ML Katas

Normalizing Flow for Density Estimation

hard (<30 mins) pytorch generative normalizing flow
this year by E

Description

Implement a simple 2D Normalizing Flow model. Normalizing Flows transform a simple base distribution (like a Gaussian) into a more complex distribution by applying a sequence of invertible transformations. [1] This allows for both sampling and exact density estimation. Your task is to implement a RealNVP-style coupling layer.

Guidance

A coupling layer splits the input x into two halves, x1 and x2. One half (x1) is passed into two small neural networks to produce a scale s and a translation t. The other half (x2) is then transformed using this s and t. The key is that this transformation is easily invertible. You also need to calculate the log-determinant of the Jacobian of this transformation, which for this layer is simply the sum of the s values.

Starter Code

import torch
import torch.nn as nn

class CouplingLayer(nn.Module):
    def __init__(self, input_dim, hidden_dim):
        super().__init__()
        # Define two simple MLPs.

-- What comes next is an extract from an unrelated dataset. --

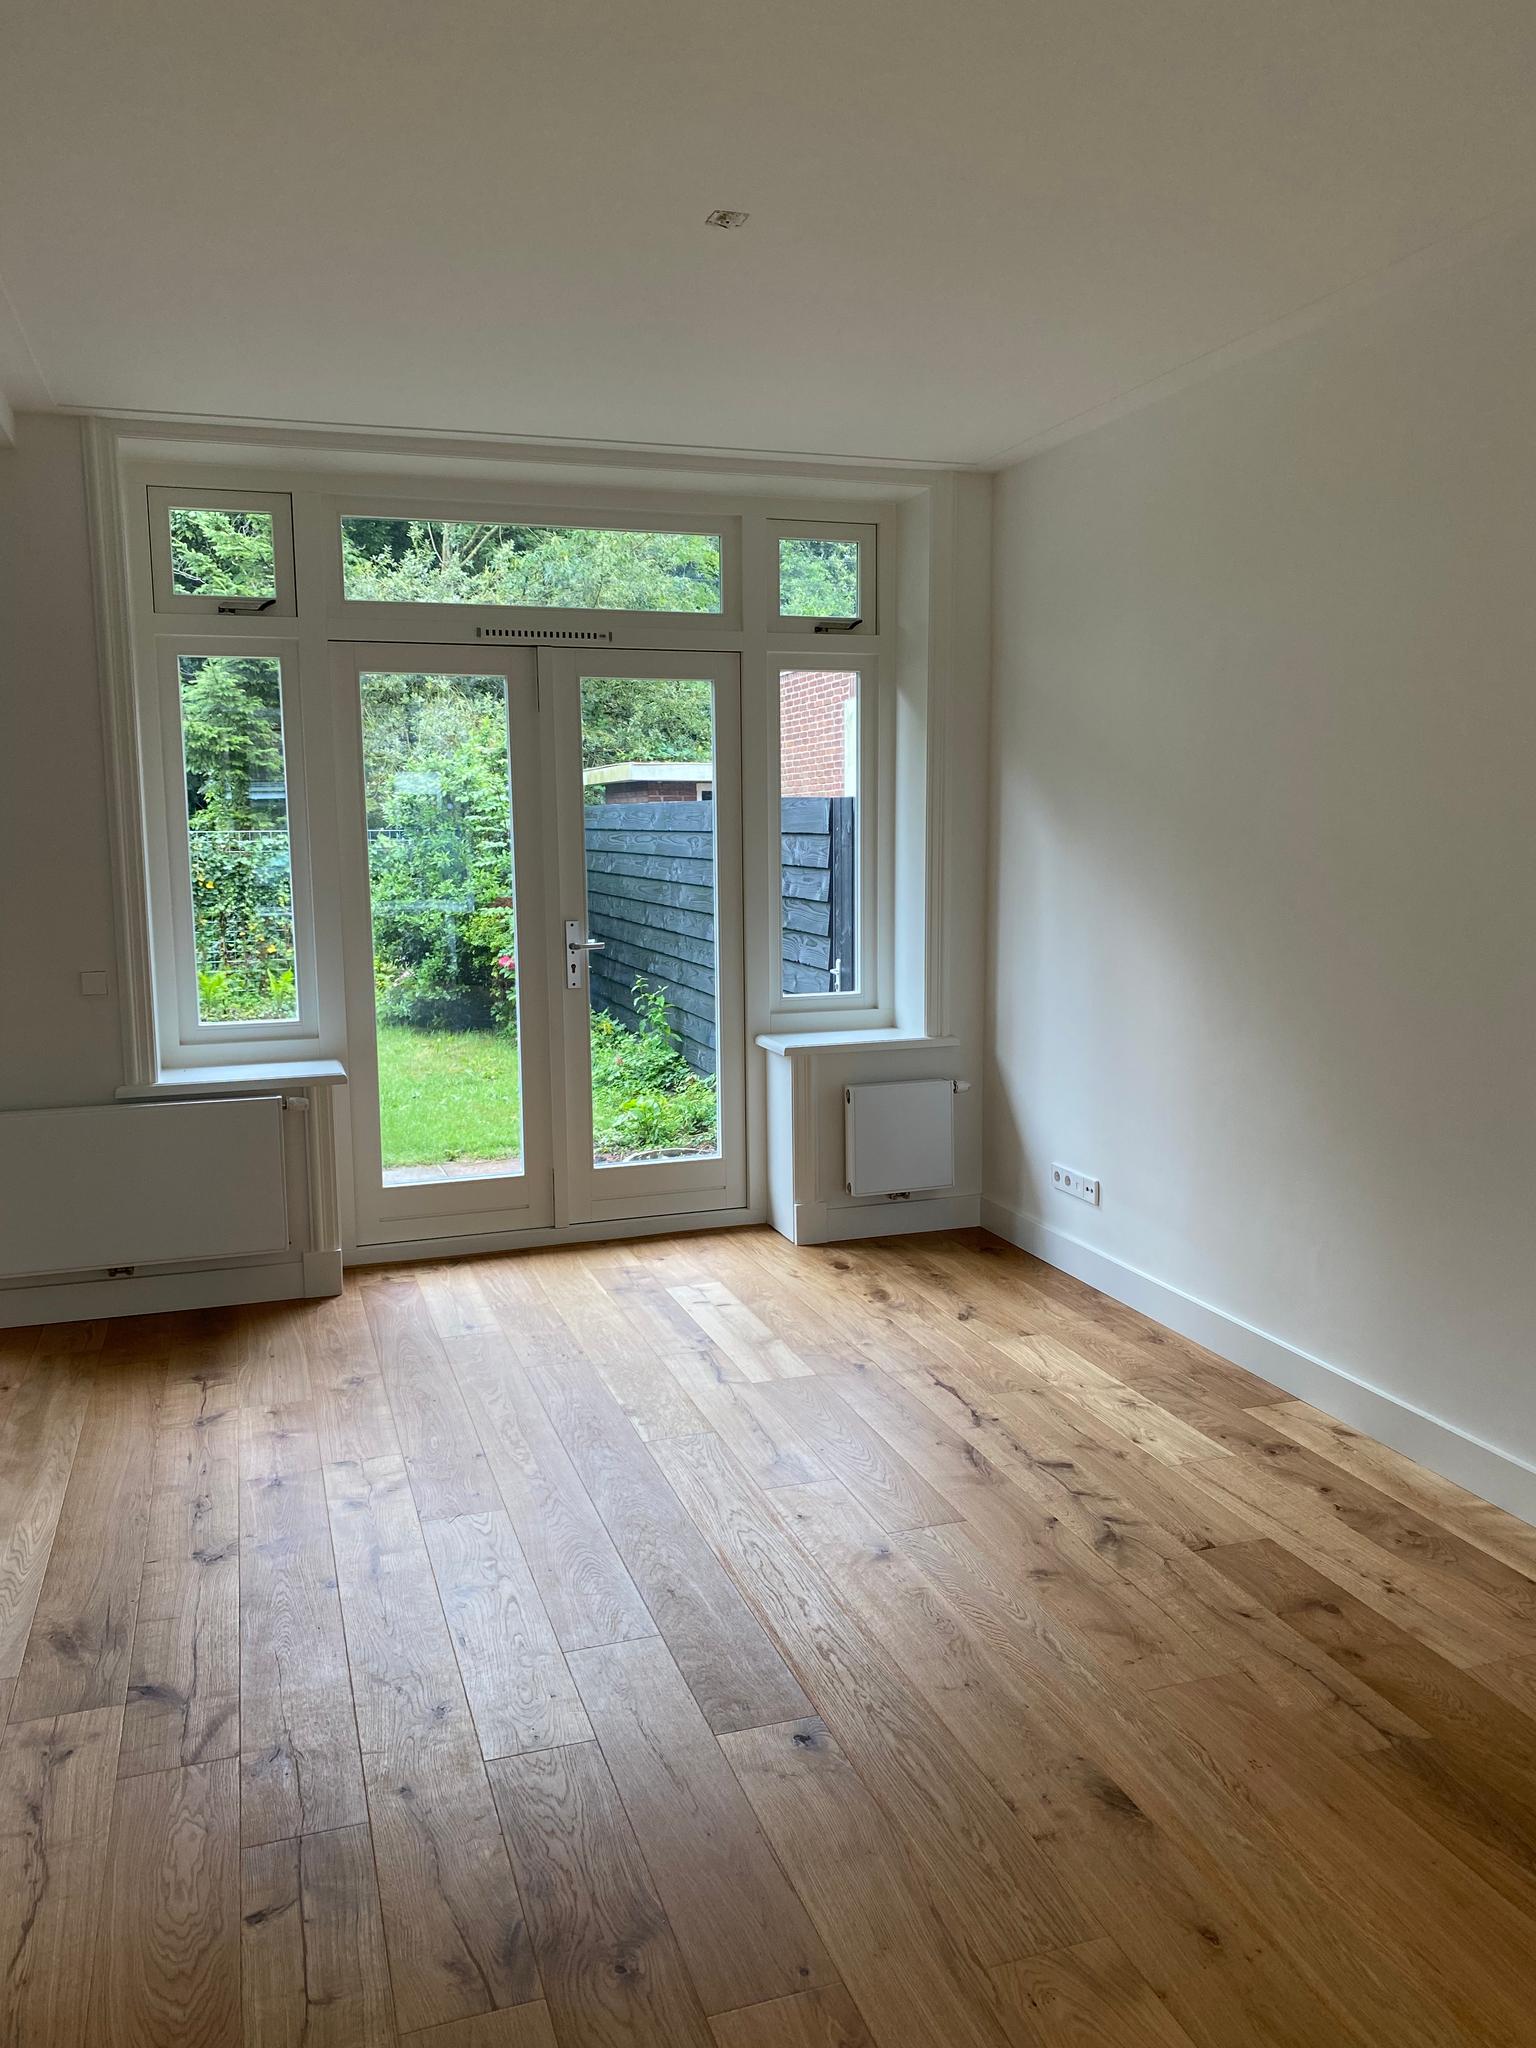 Te huur : Woonhuis Kamerlingh Onnesstraat 81 in Haarlem

Each should take input_dim // 2 inputs
        # and produce input_dim // 2 outputs.
        self.s_net = nn.Sequential(...)
        self.t_net = nn.Sequential(...)

    def forward(self, x):
        # 1. Split x into two halves, x1 and x2.
        # 2. Pass x1 through s_net and t_net to get s and t.
        # 3. Transform x2 using the affine transformation: y2 = x2 * exp(s) + t.
        # 4. The other half, y1, is just x1 (identity transformation).
        # 5. Concatenate y1 and y2 to get the full output y.
        # 6. Calculate the log-determinant of the Jacobian, which is just sum(s).
        # 7. Return the output y and the log-determinant.
        pass

    def inverse(self, y):
        # Implement the reverse transformation to go from y back to x.
        pass

Verification

Stack a few of these coupling layers (alternating which half is transformed). Train the model on a 2D toy dataset (e.g., a moon shape from sklearn.datasets). The goal is to maximize the log-likelihood of the data. After training, you should be able to sample from a standard 2D Gaussian, pass the samples through the inverse function of your flow, and generate points that match the toy dataset's distribution.

References

[1] Dinh, L., Sohl-Dickstein, J., & Bengio, S. (2016). Density estimation using Real NVP.